● **Requirement**: No pictures in the copy. Write out the listing below exactly.

● **Data**:
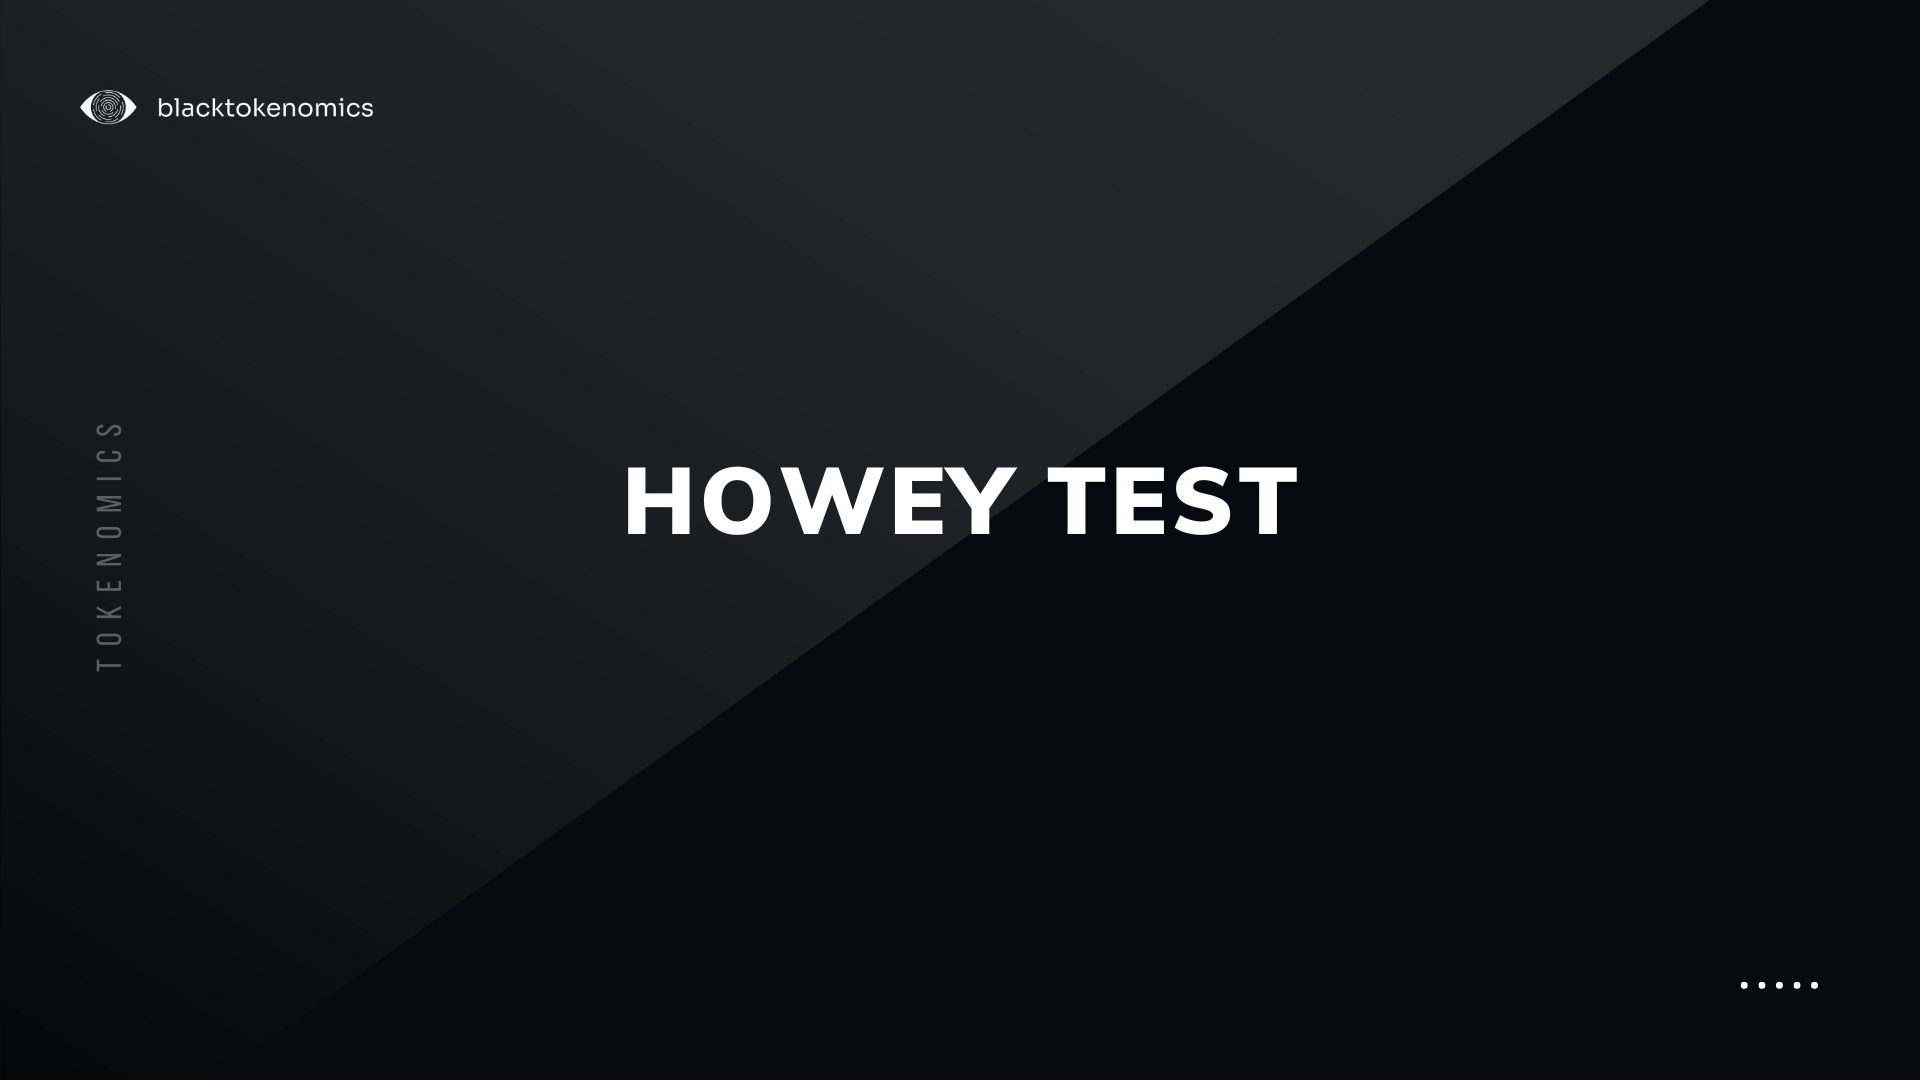 Howey Test - Featured Image Blacktokenomics
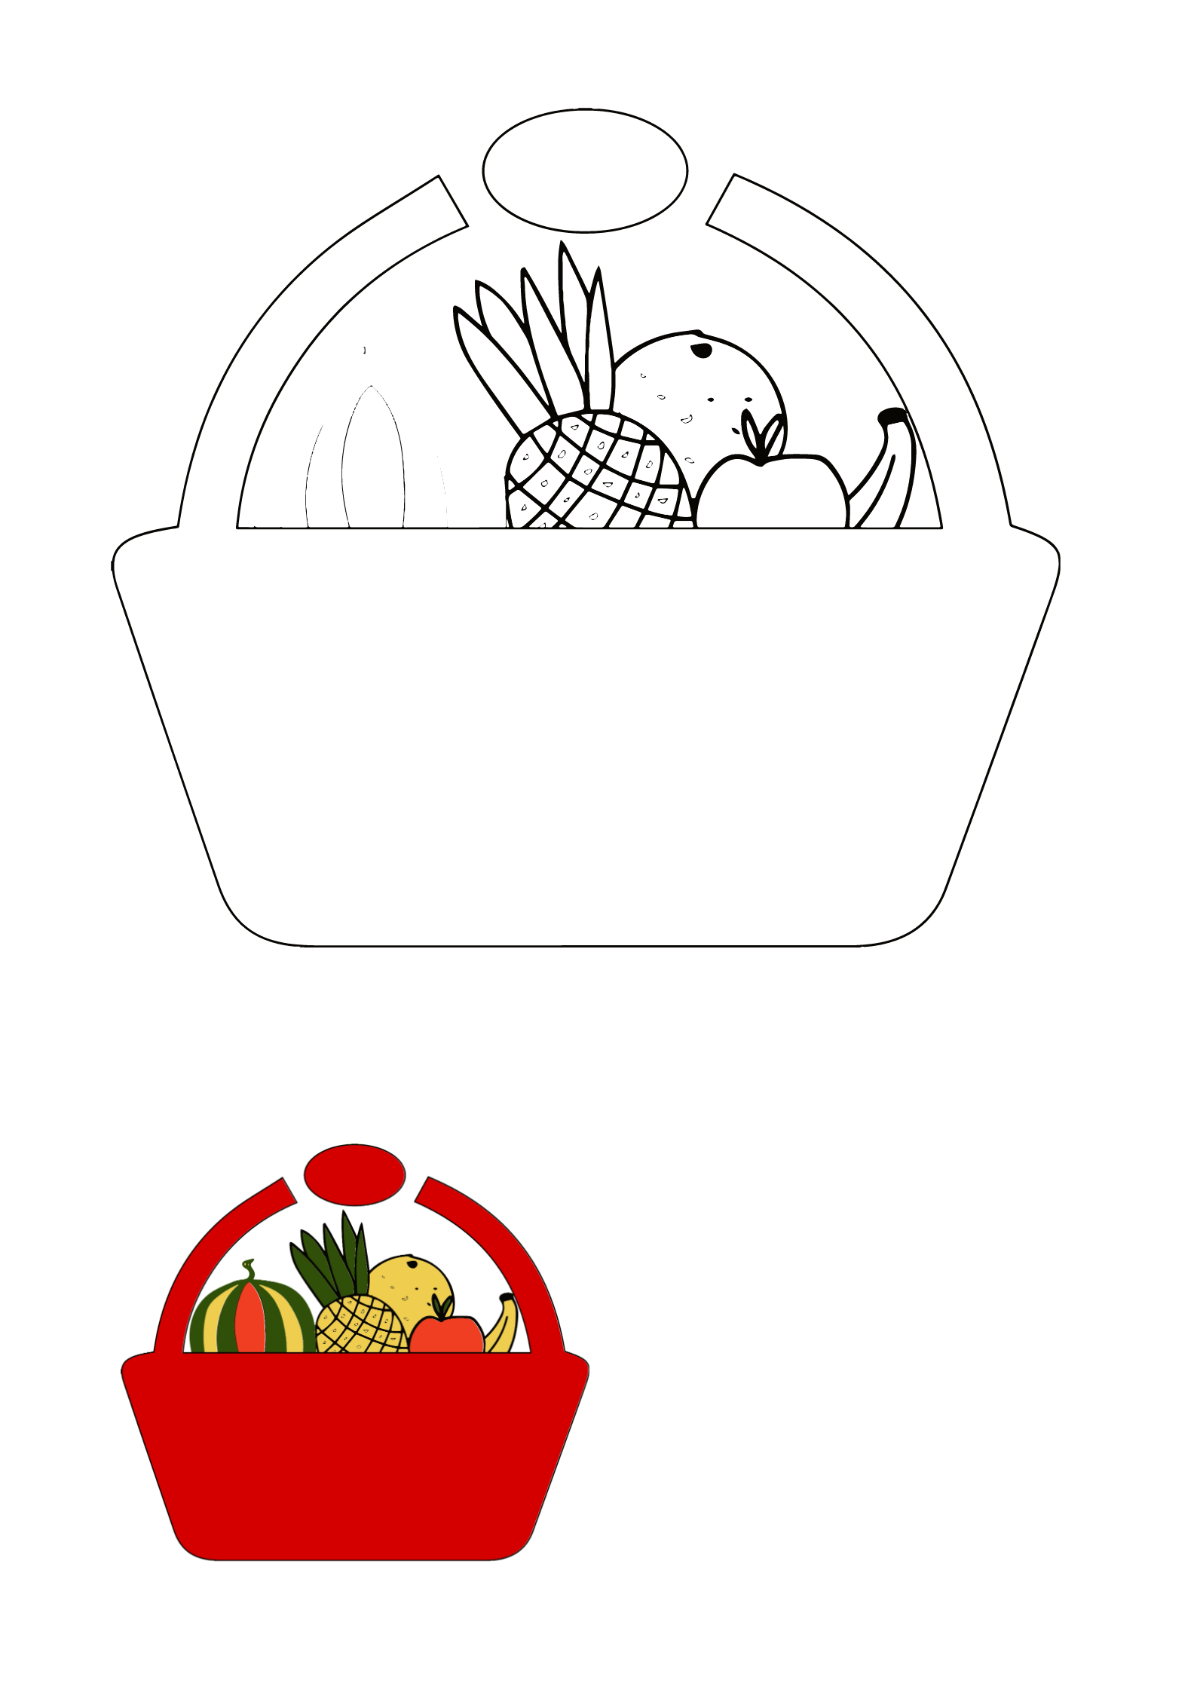 Fruit Basket Craft - The Joy of Sharing
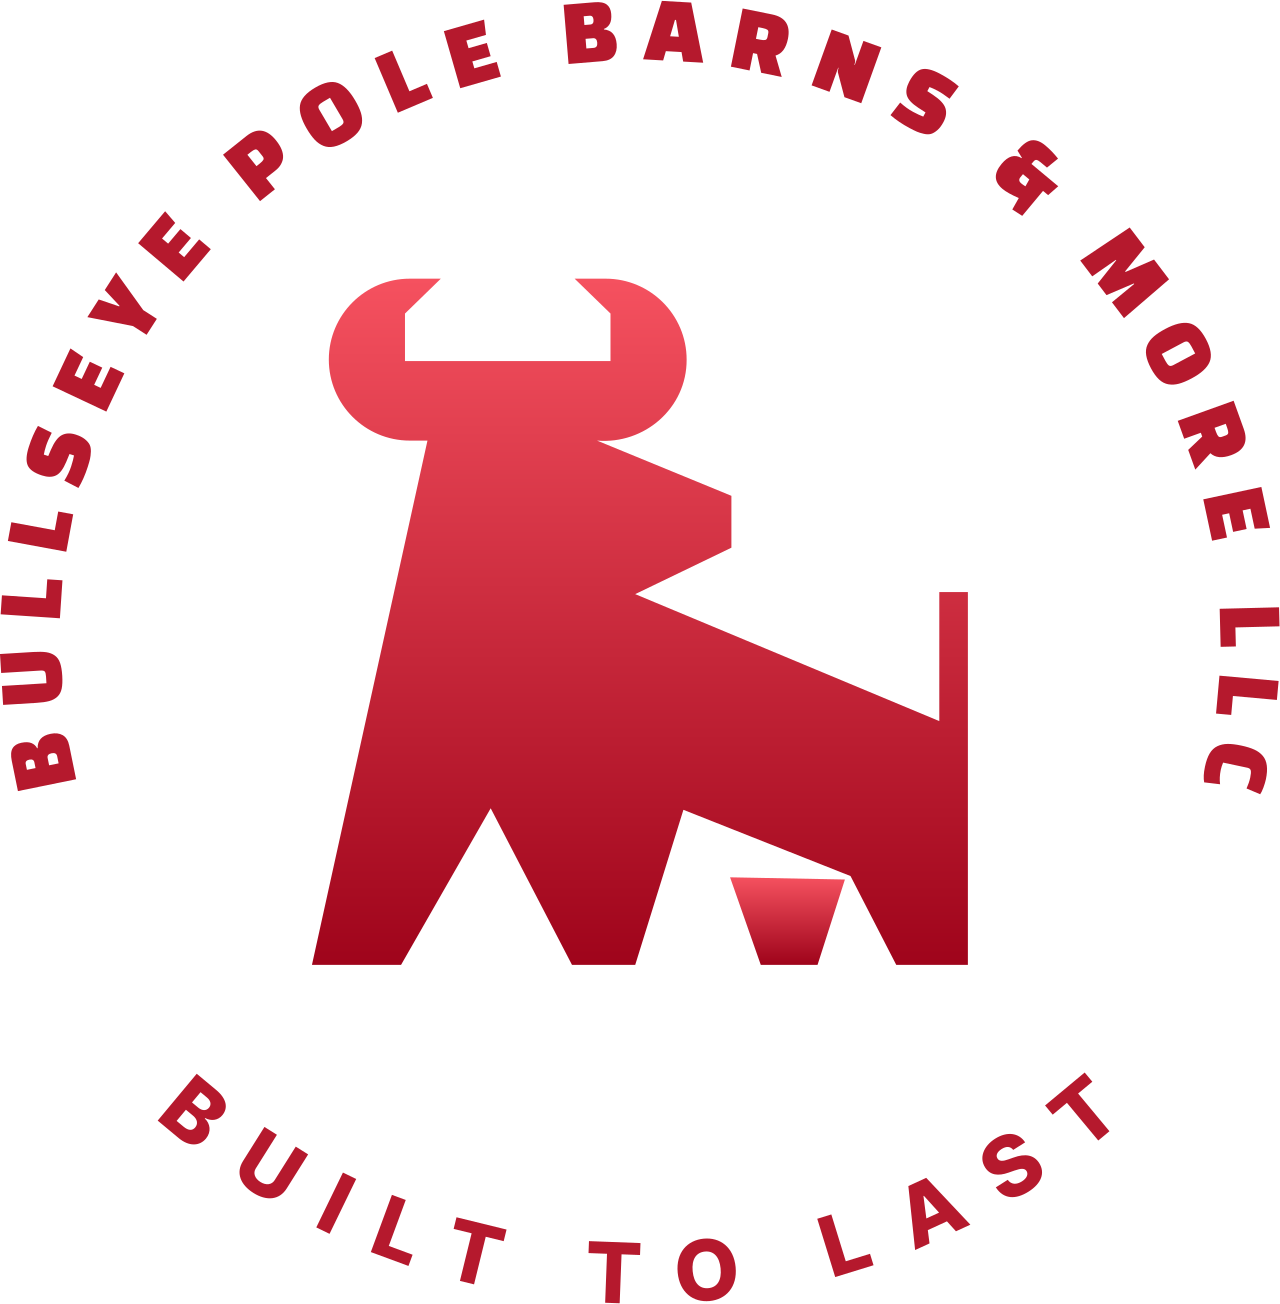 BULLSEYE POLE BARNS & MORE LLC's logo
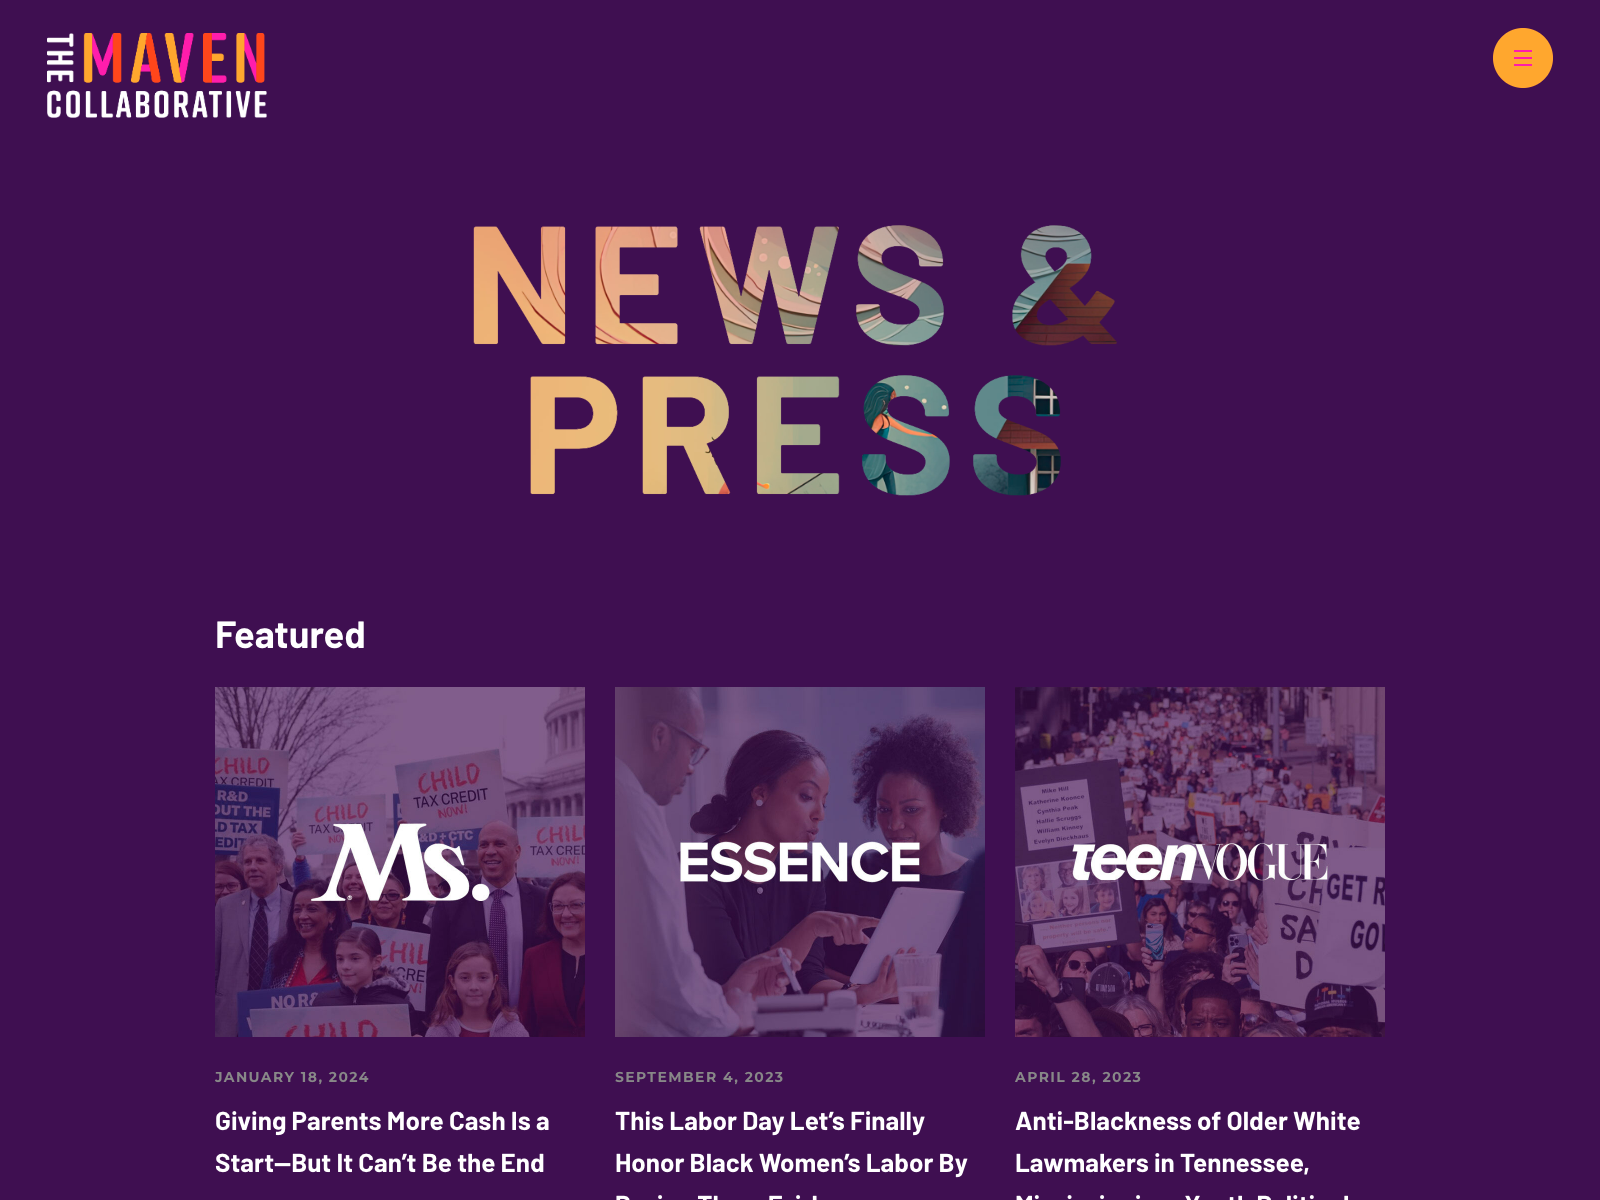 News & Press

● **Expected answer**:
 Howey Test - Featured Image Blacktokenomics
 Fruit Basket Craft - The Joy of Sharing
 BULLSEYE POLE BARNS & MORE LLC's logo
 News & Press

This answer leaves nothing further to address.